#### Work to complete:
Find the line that contains "NT Chinh Hương"; please output it and each line after it, exactly as shown, up to the end of the entries below, skipping pictures.

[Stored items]
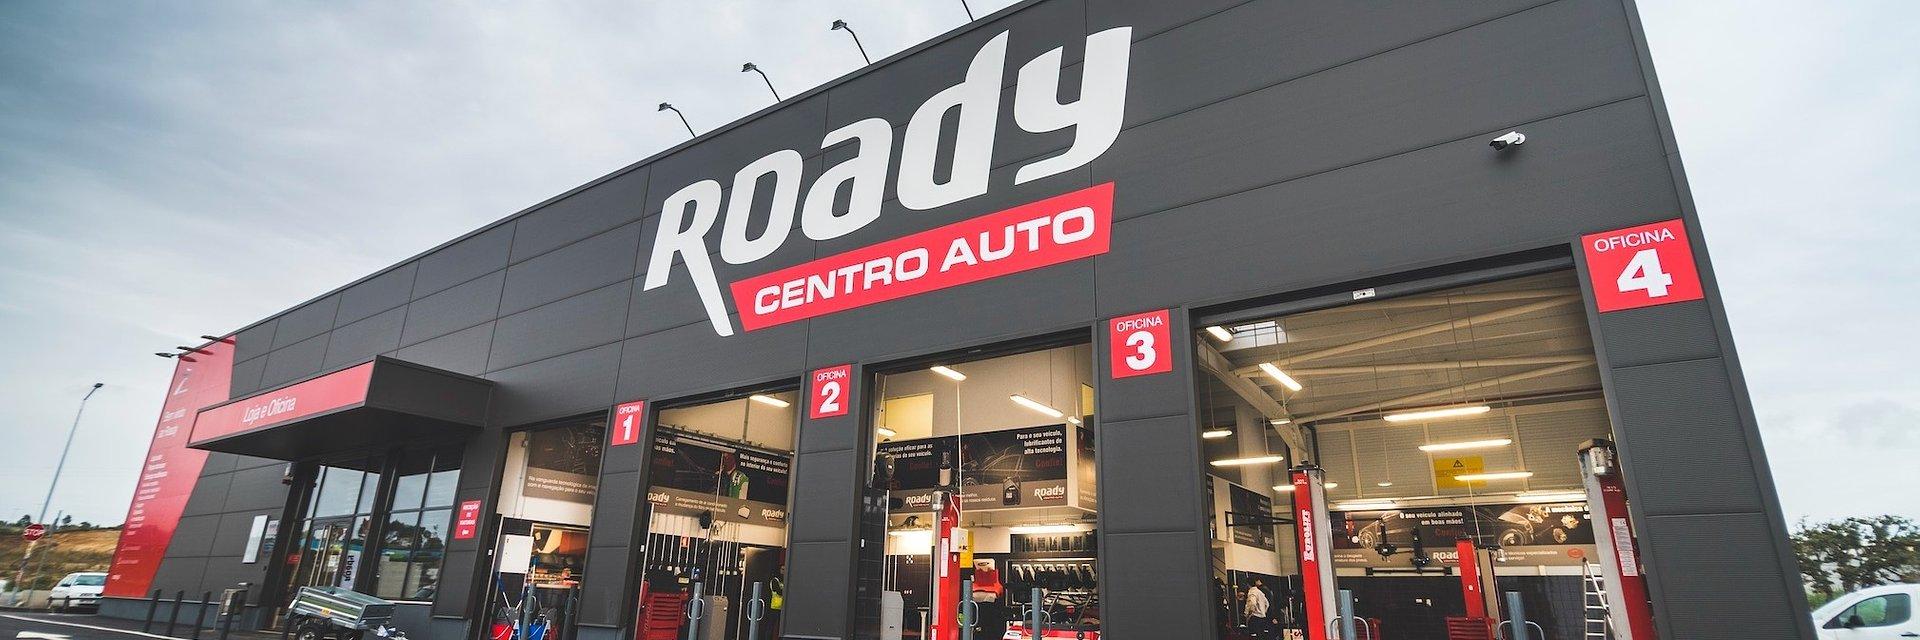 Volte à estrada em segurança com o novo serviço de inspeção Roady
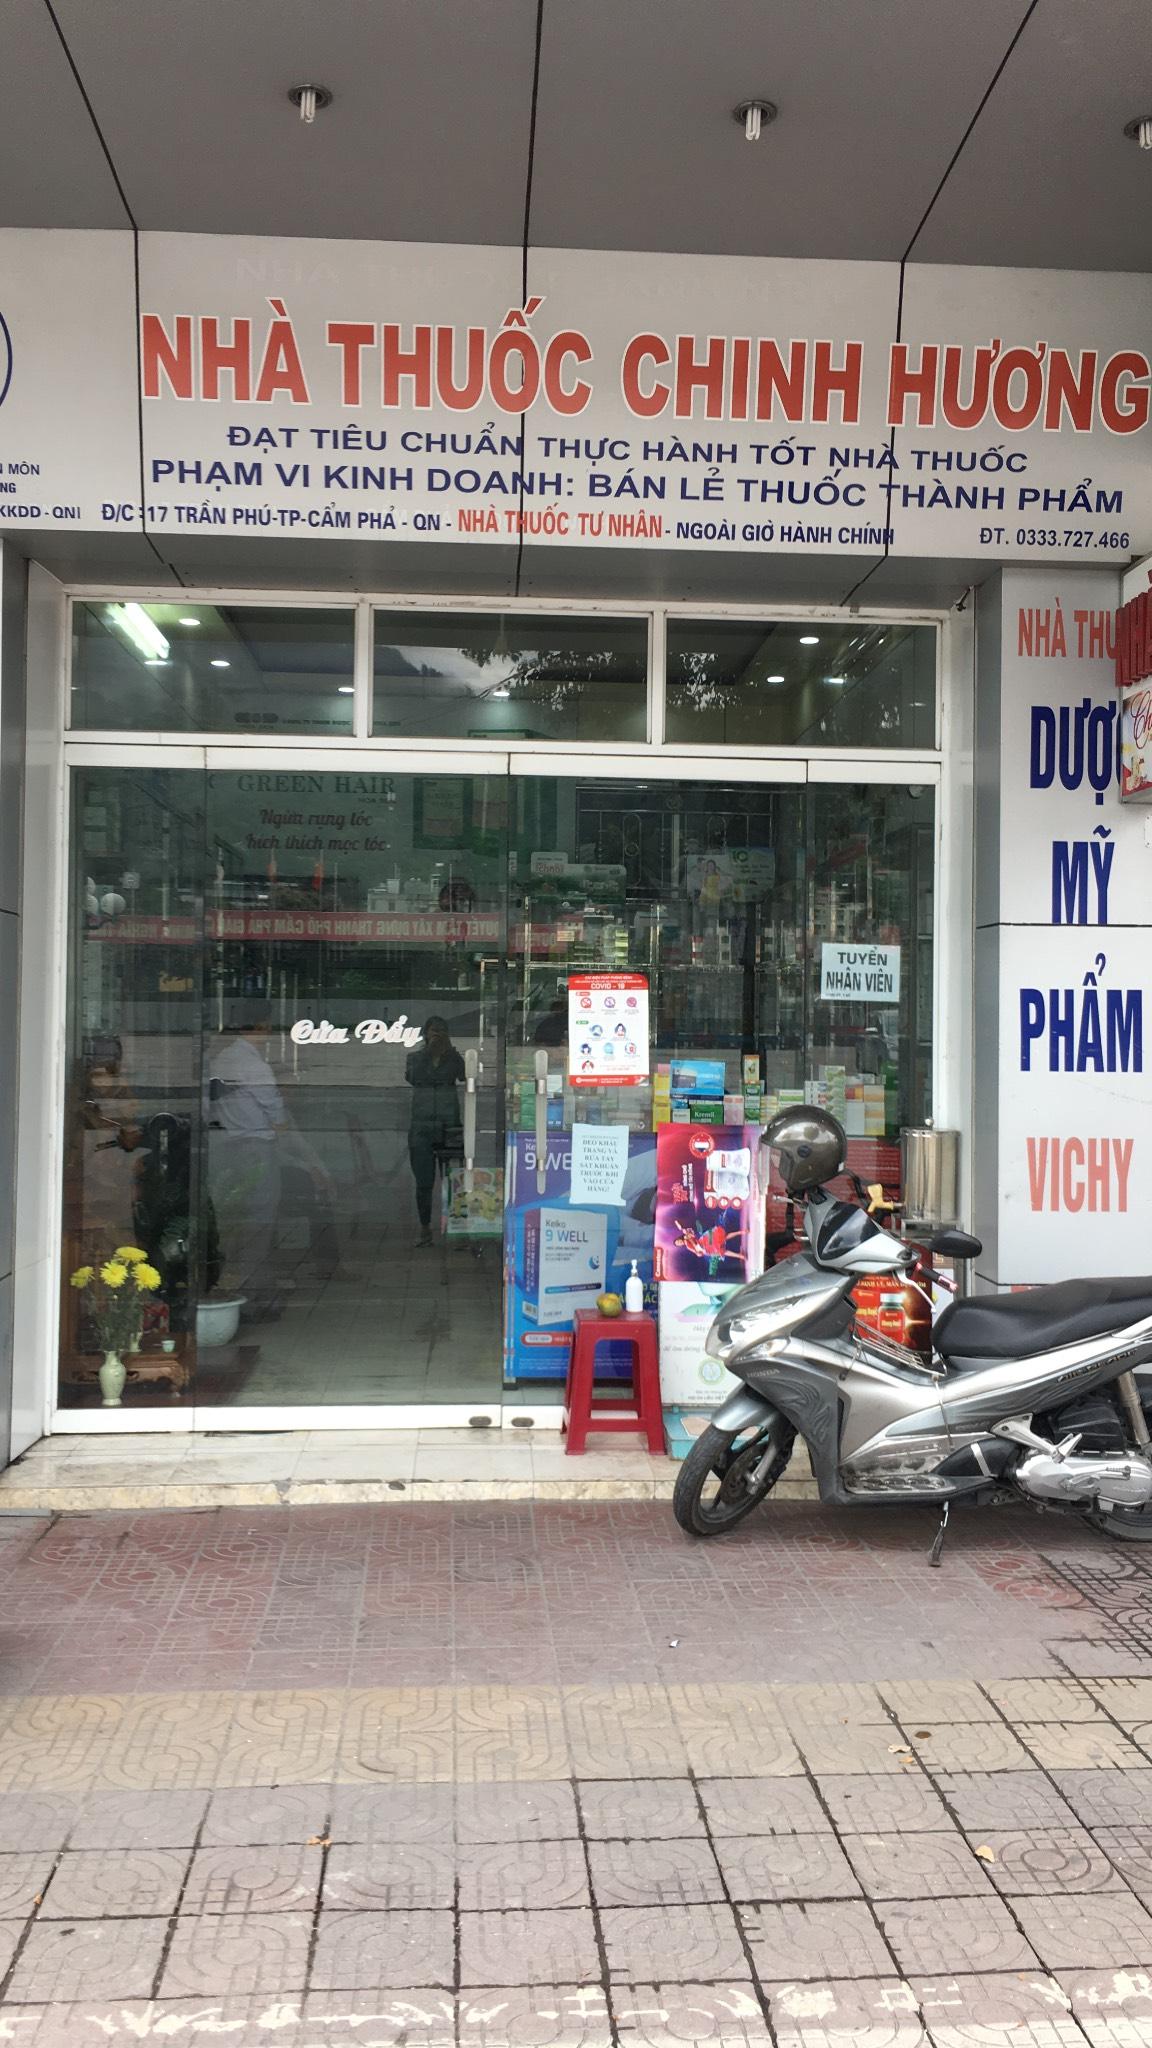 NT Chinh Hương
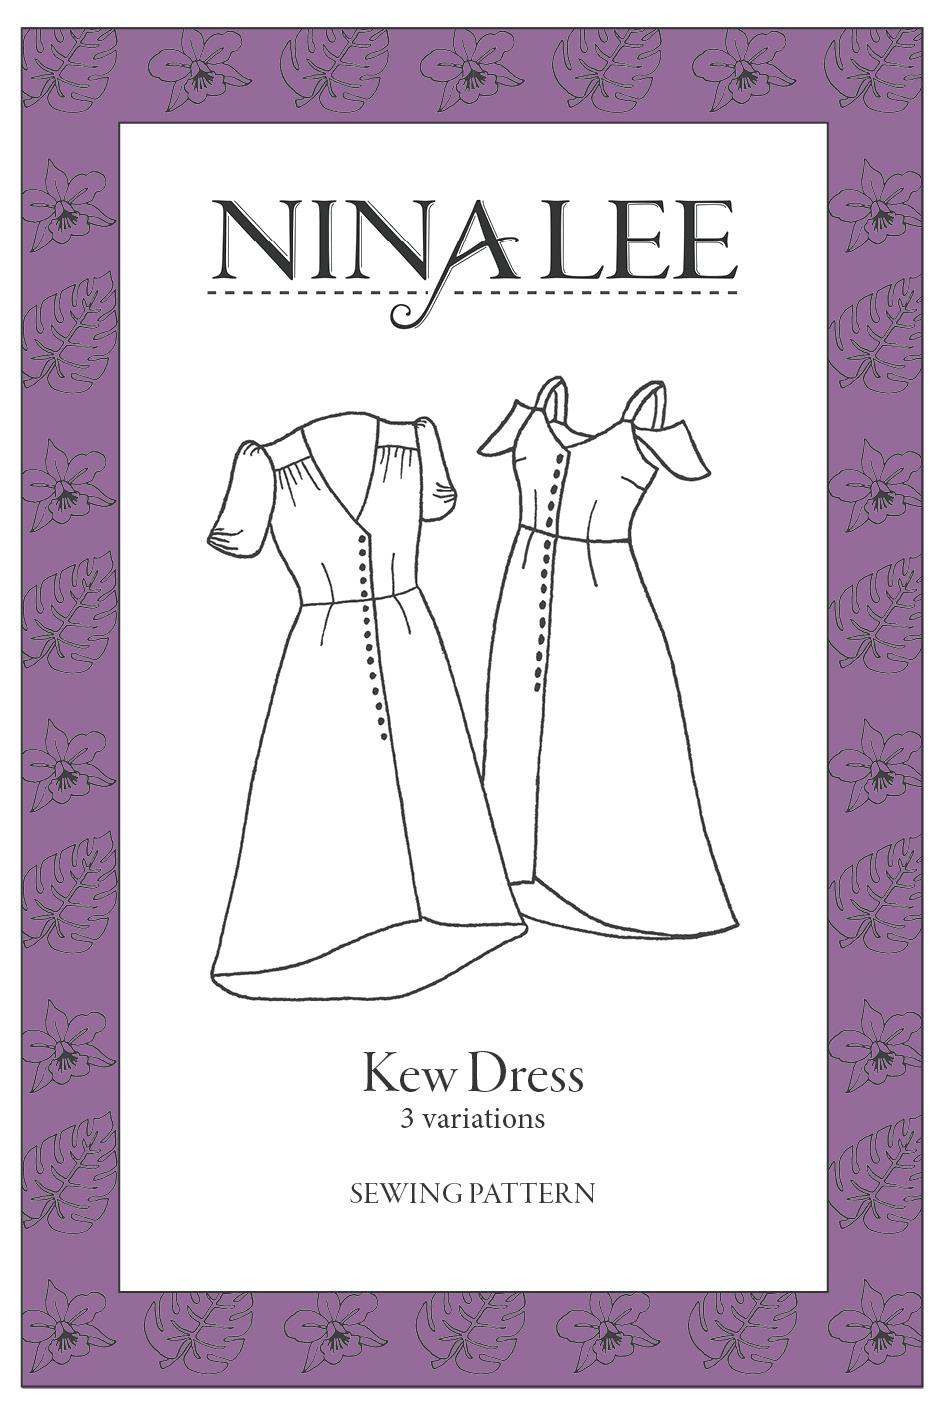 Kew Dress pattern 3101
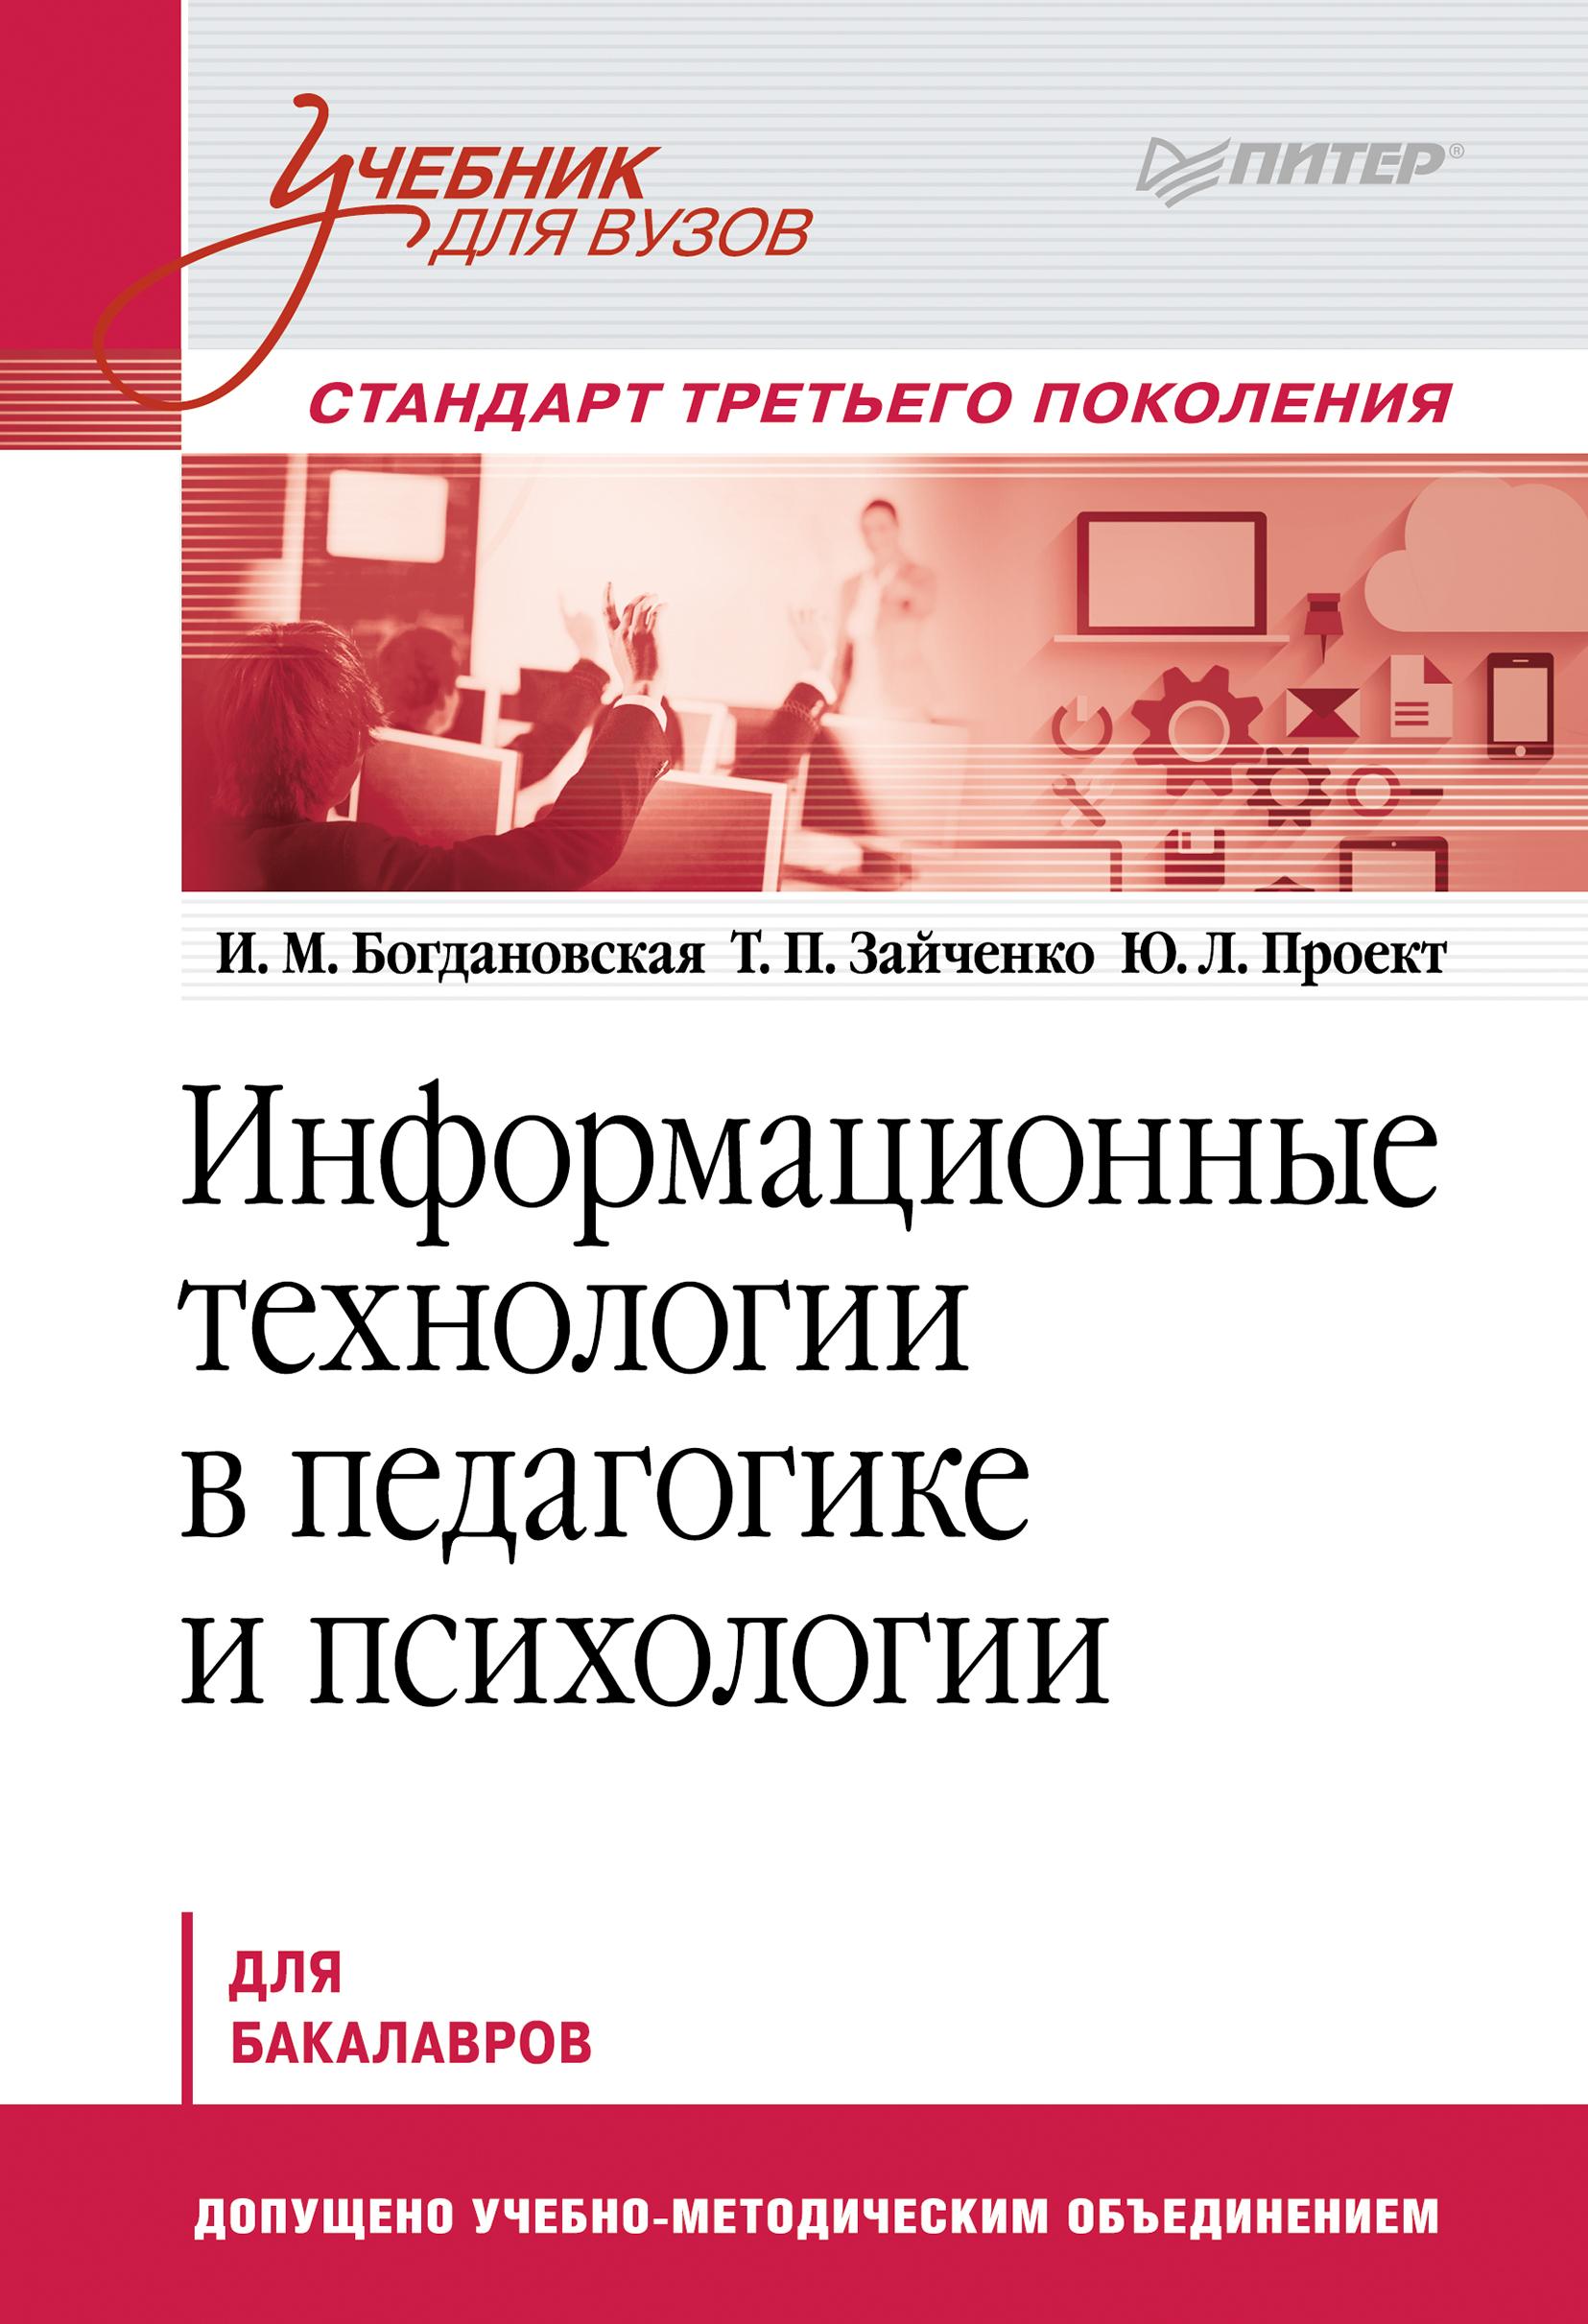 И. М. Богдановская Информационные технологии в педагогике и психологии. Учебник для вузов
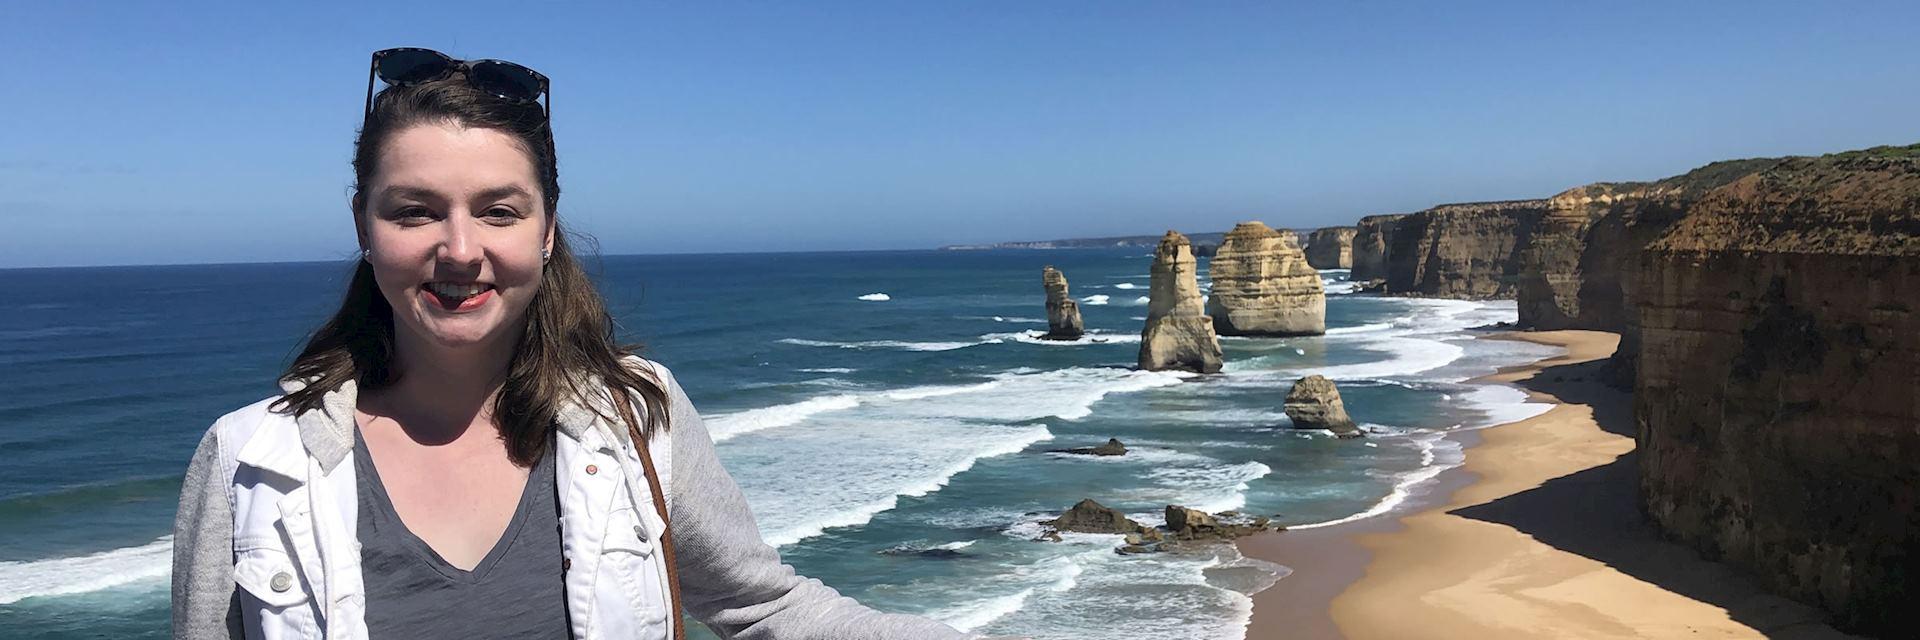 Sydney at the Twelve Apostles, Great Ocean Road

#### Result of the exercise:
 NT Chinh Hương
 Kew Dress pattern 3101
 И. М. Богдановская Информационные технологии в педагогике и психологии. Учебник для вузов
 Sydney at the Twelve Apostles, Great Ocean Road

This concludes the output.